Using the recorded audio of our presentation, we generated one long transcript using our model. This audio sample was 8 minutes in length, we were able to generate satisfactory results. In our actual presentation, we chose to use another recording where each member recorded their own parts of the presentation while paying very close attention to carefully enunciating every word. This resulted in much better predictions as shown in Figure 10.

▲ **Figure 10** – Captions generated from the model

Challenges

The difficulty of our project increased due to the following challenges:

Due to our lack of knowledge in the field of speech recognition, we had difficulty developing a model architecture. The initial design consisted only of RNNs, which performed poorly. Progress in the architecture development was eventually made after conducting further research on existing models for speech recognition. Using Assembly AI’s architecture as a basis for our model, we were able to generate a base model and expand on it to overcome this challenge.

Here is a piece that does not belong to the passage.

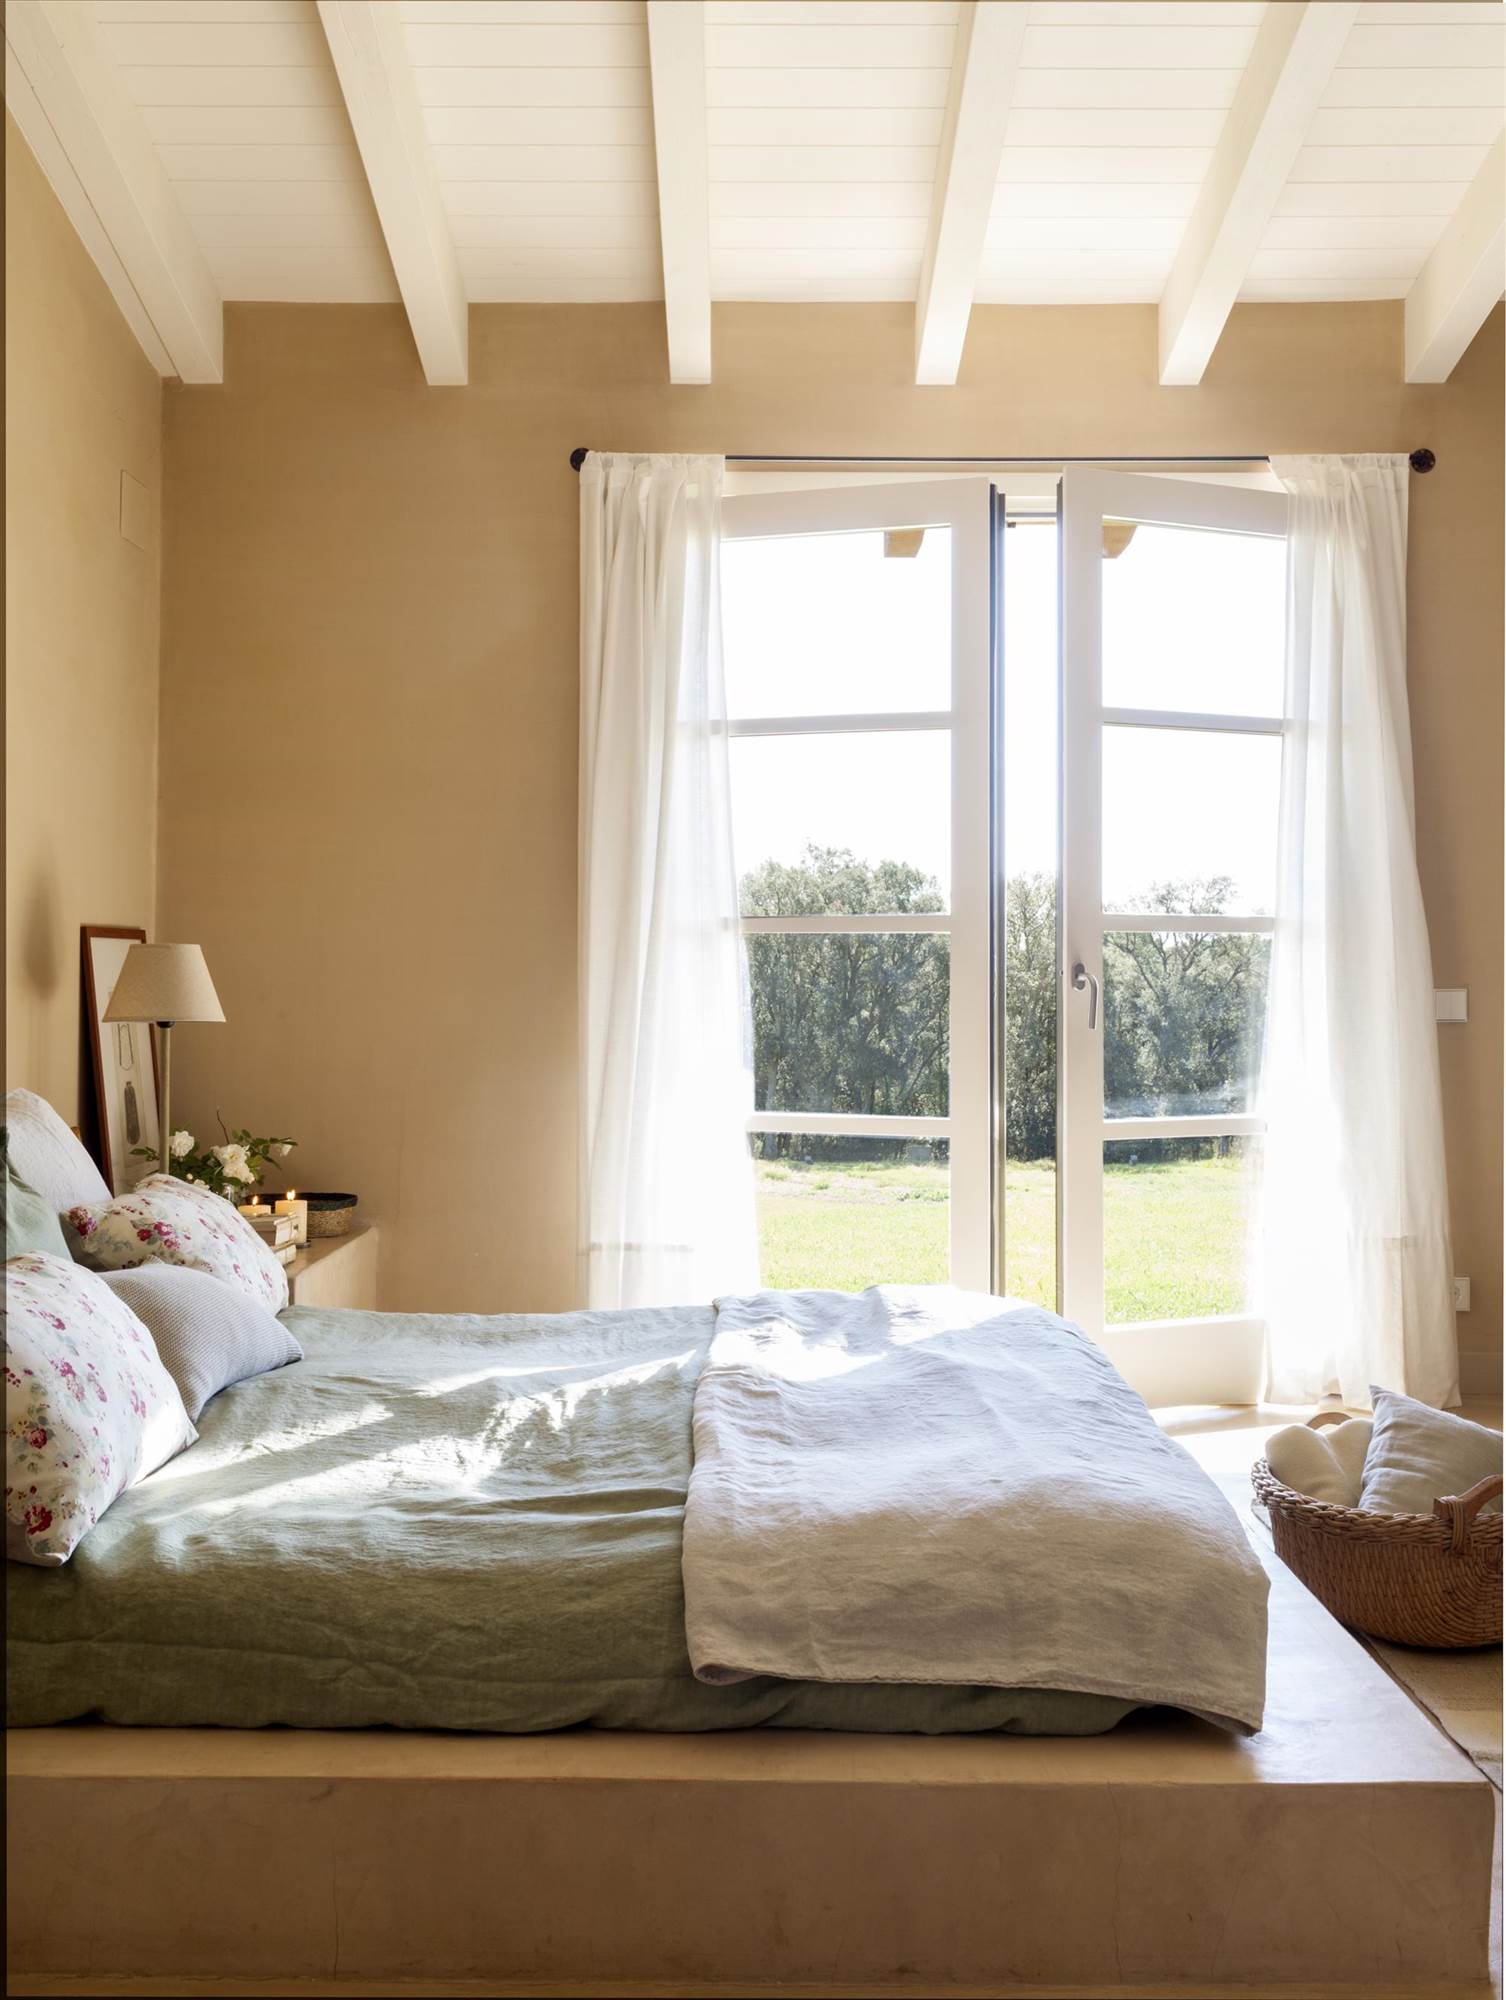 Dormitorio decorado con cortinas blancas

It took the model an average of 8 days to complete training. Due to the long training time required and project time constraints, the number of parameters considered for hyperparameter tuning was limited. With more time for experimenting, our model architecture could be fine tuned even further to improve our model predictions.

Ethical Considerations

Potential ethical concerns arise from the way we shaped our dataset. We initially scoped our dataset out of the 1.1 million samples to encompass only samples tagged with a North American (Canada/US) accent, therefore our model may not be very well suited for accents from other countries. Furthermore, since the dataset was collected online, there could be more younger volunteers, therefore resulting in a potential bias towards younger demographics. As such, the limitations to our dataset could result in a bias in the model resulting in poor performance for underrepresented demographics.